I have seldom known two of these birds to be singing at the same time in the same locality, rivaling each other, like the wood thrush or the veery. Shooting one from a tree, I have observed another take up the strain from almost the identical perch in less than ten minutes afterward. Later in the day, when I had penetrated the heart of the old Barkpeeling, I came suddenly upon one singing from a low stump, and for a wonder he did not seem alarmed, but lifted up his divine voice as if his privacy was undisturbed. I open his beak and find the inside yellow as gold. I was prepared to find it inlaid with pearls and diamonds, or to see an angel issue from it.
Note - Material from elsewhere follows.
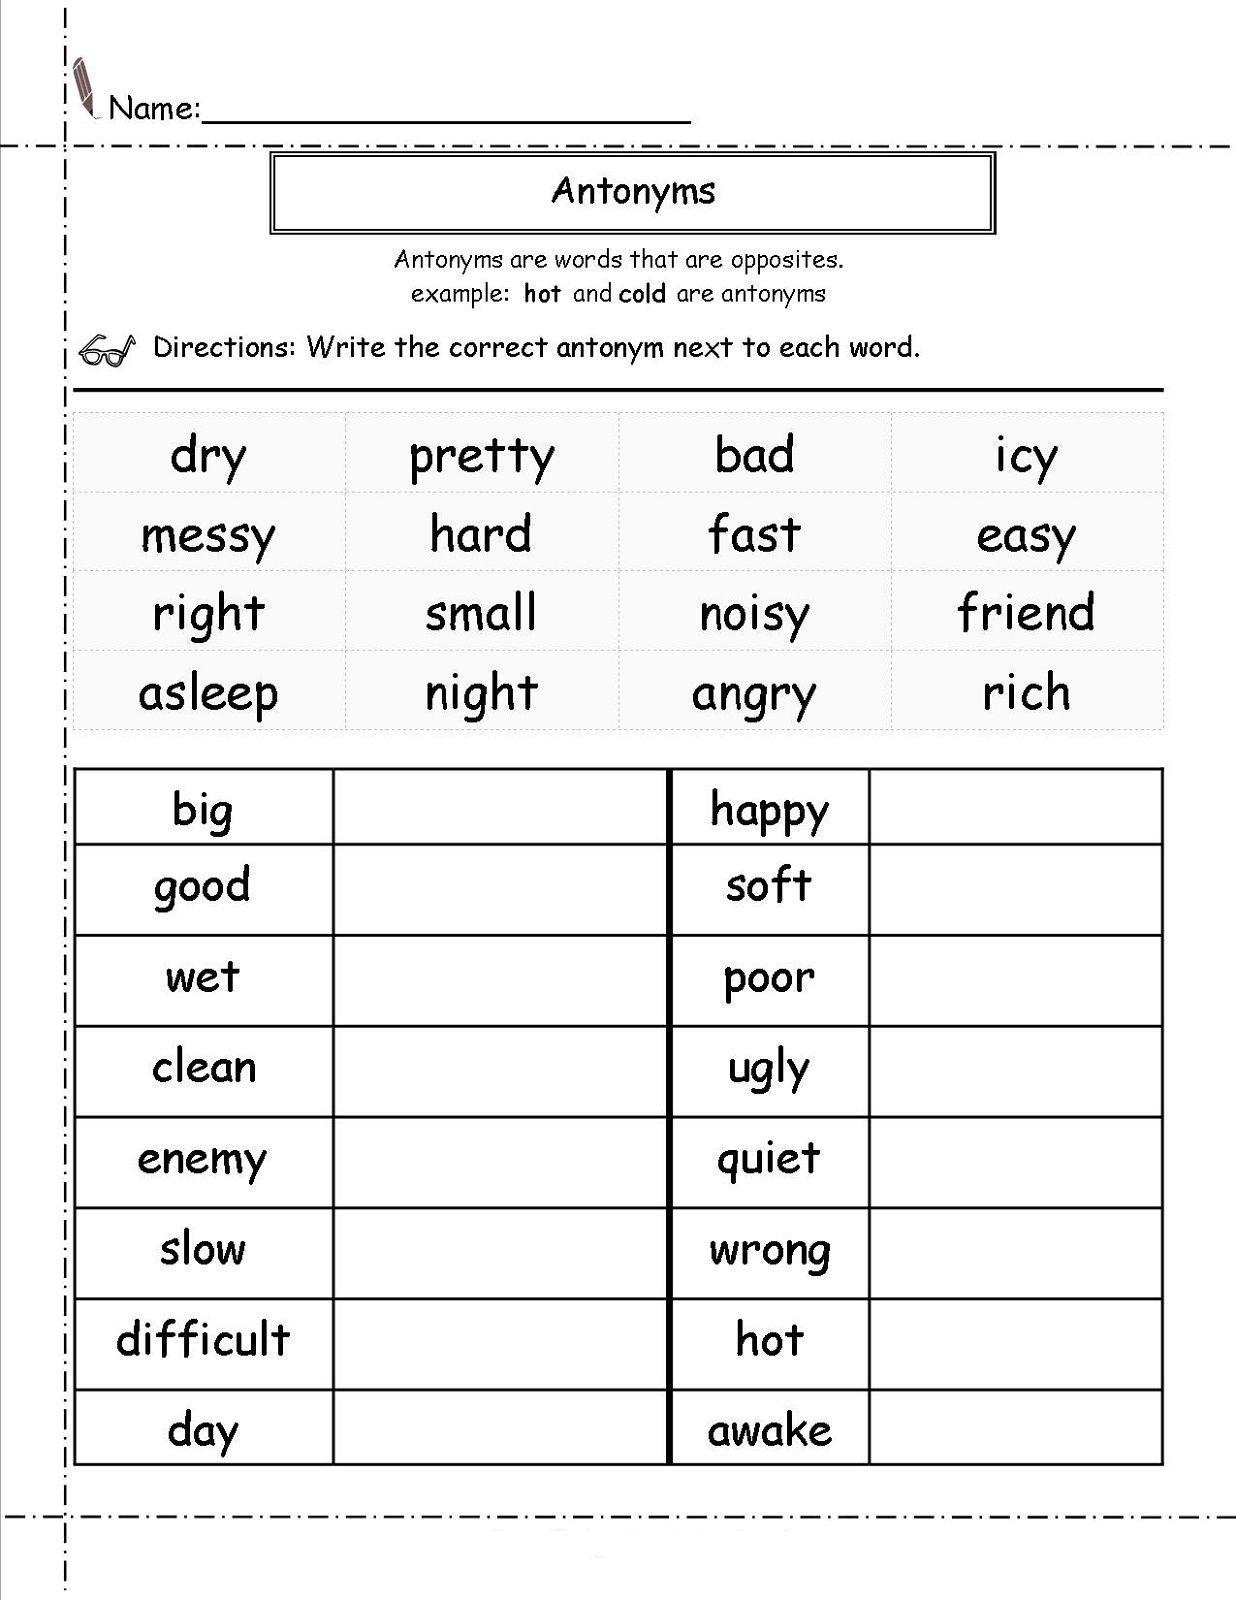 Second Grade Worksheets English Antonyms Learning Printable In 2020 2nd Grade Math Worksheets 2nd Grade Reading Worksheets 2nd Grade Worksheets

He is not much in the books. Indeed, I am acquainted with scarcely any writer on ornithology whose head is not muddled on the subject of our three prevailing song-thrushes, confounding either their figures or their songs. A writer in the "Atlantic"[1] gravely tells us the wood thrush is sometimes called the hermit, and then, after describing the song of the hermit with great beauty and correctness, coolly ascribes it to the veery! The new Cyclopædia, fresh from the study of Audubon, says the hermit's song consists of a single plaintive note, and that the veery's resembles that of the wood thrush! The hermit thrush may be easily identified by his color; his back being a clear olive-brown becoming rufous on his rump and tail. A quill from his wing placed beside one from his tail on a dark ground presents quite a marked contrast.